The Vision:  One can browse any book, journal, paper, thesis, or
report in the library using a standard office desktop computer, and
can follow citations by pointing; the thing selected pops up
immediately in an adjacent window.

-----

Some details.

1.  Why?  Digital storage in the year 2000 will be 4 orders of
magnitude cheaper, and therefore at least 4 orders of magnitude larger
than it was ten years ago.  We need to start now to figure out how to
manage that much data.  Finding things, linking things together
(especially across the network), and keeping it reliable will all
require new ideas.

2.  Why now?:  The three technologies have improved markedly,
recently.

    - magnetic disk storage cost/bit and absolute size.  Within the
      decade one will be able to hold a page-image library entirely
      online at reasonable cost in both hardware and floor space.

    - data communications, both campus-sized and nationwide, now or
      soon will permit moving page images from the library to the
      workstation in a human reaction time, again at reasonable cost.

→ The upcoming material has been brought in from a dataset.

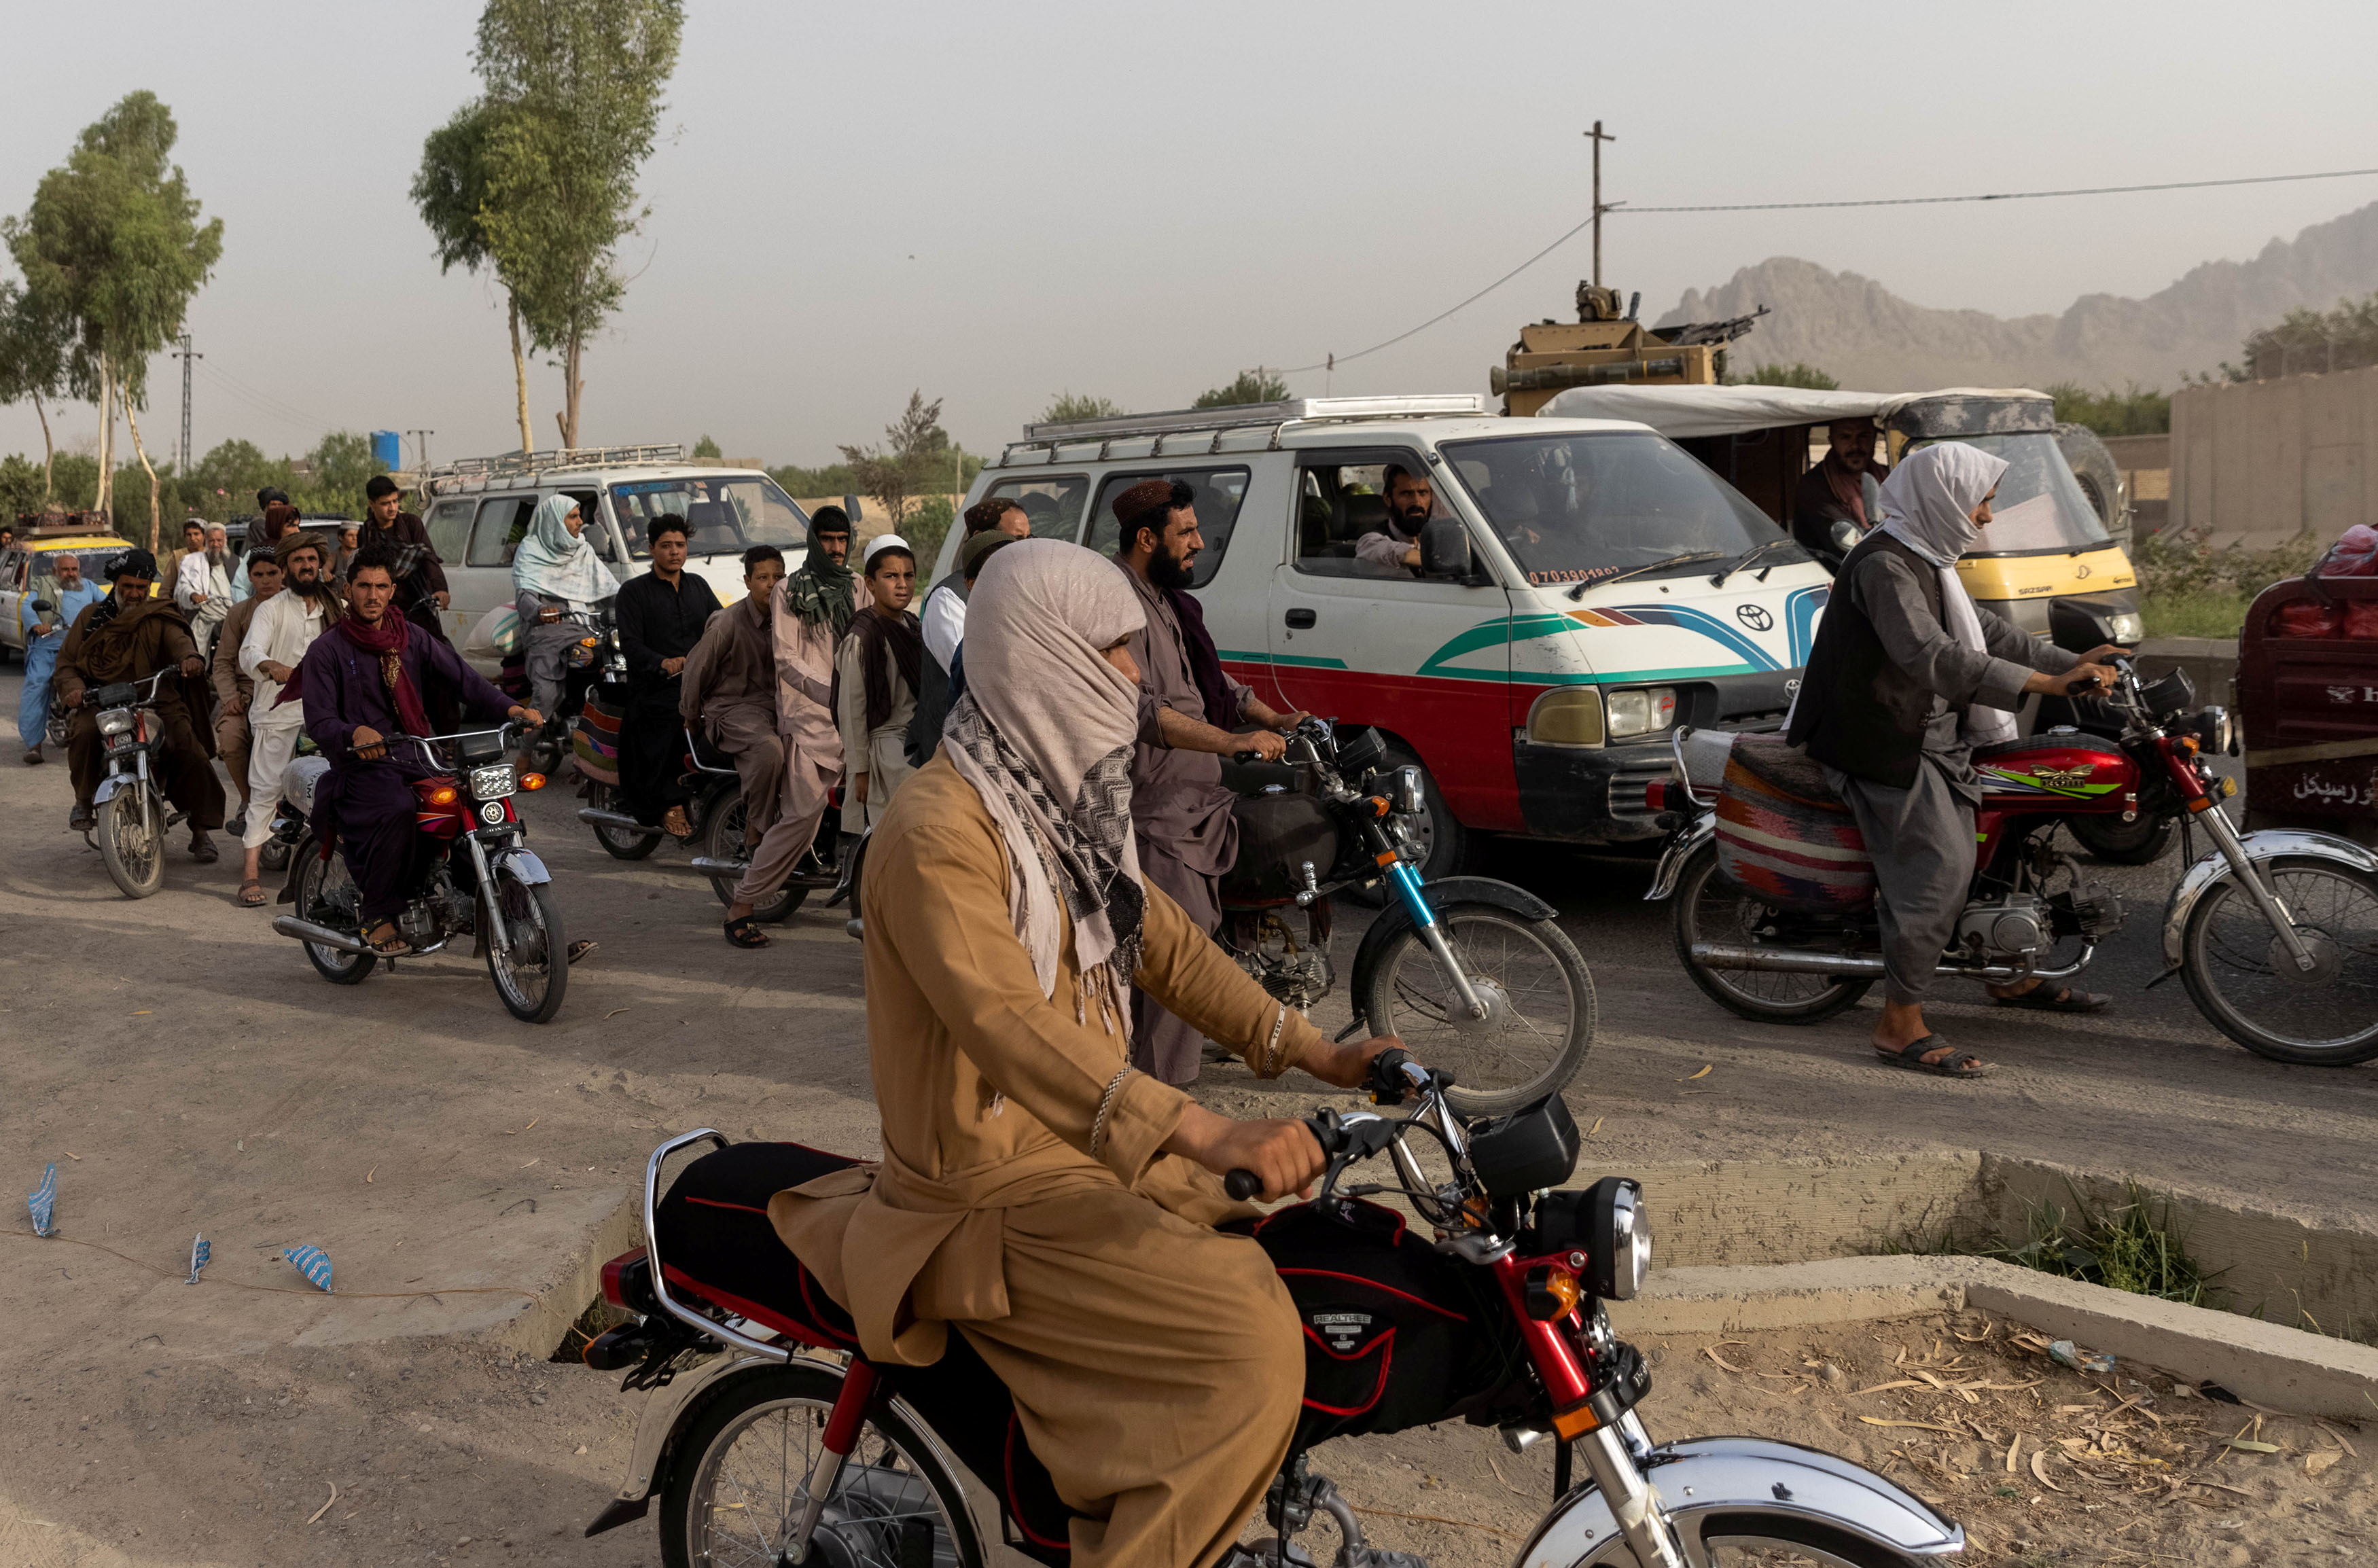 El tráfico se detiene mientras miembros de las fuerzas especiales afganas se reagrupan tras fuertes enfrentamientos con los talibanes durante la misión de rescate de un policía asediado en un puesto de control, en la provincia de Kandahar, Afganistán, el 13 de julio de 2021.

    - display is at a threshold where reading bitmapped images will become
      acceptable.

and, in addition, the client/server model has matured to the point
where it is directly applicable.

3.  The interesting system support design problems.

    - persistence of storage.  Current systems aren't designed to
      handle data that is meant to be retained for several decades,
      times that are one or two orders of magnitude greater than the
      lifetime of the storage media, compression techniques, and forward
      error correction techniques, not to mention representation
      methods.  How can one update media technology underneath
      Terabytes of storage with confidence that information hasn't
      been damaged?  For information that isn't regularly used (e.g.,
      the least-used 50% of a library's collection) what are good
      tradeoffs among the number of copies, reliability, and
      geographical dispersion?  The project will explore what is
      required to make a media refresh subsystem a standard component
      of an operating system.
 
    - backup.  For reliability, there must be more than one copy of
      the data, but traditional backup methods involving full and
      incremental copies made to tape do not appear to scale up well
      in size and they are notoriously complex and error-prone.
      The project will explore the hypothesis that one can provide the
      necessary reliability with geographically separated multiple
      copies, plus a change log, which allows recovery from mistakes
      in updating.

    - representation.  There appear to be many possibilities, e.g.,
      scanned images, ASCII, PostScript, SGML, FAX Group IV, etc., but the
      requirement of storing the data for decades seems to reduce the
      field drastically.  The project will explore the hypothesis that
      the right thing to do is to collect scanned images and
      minimally-tagged ASCII for every object.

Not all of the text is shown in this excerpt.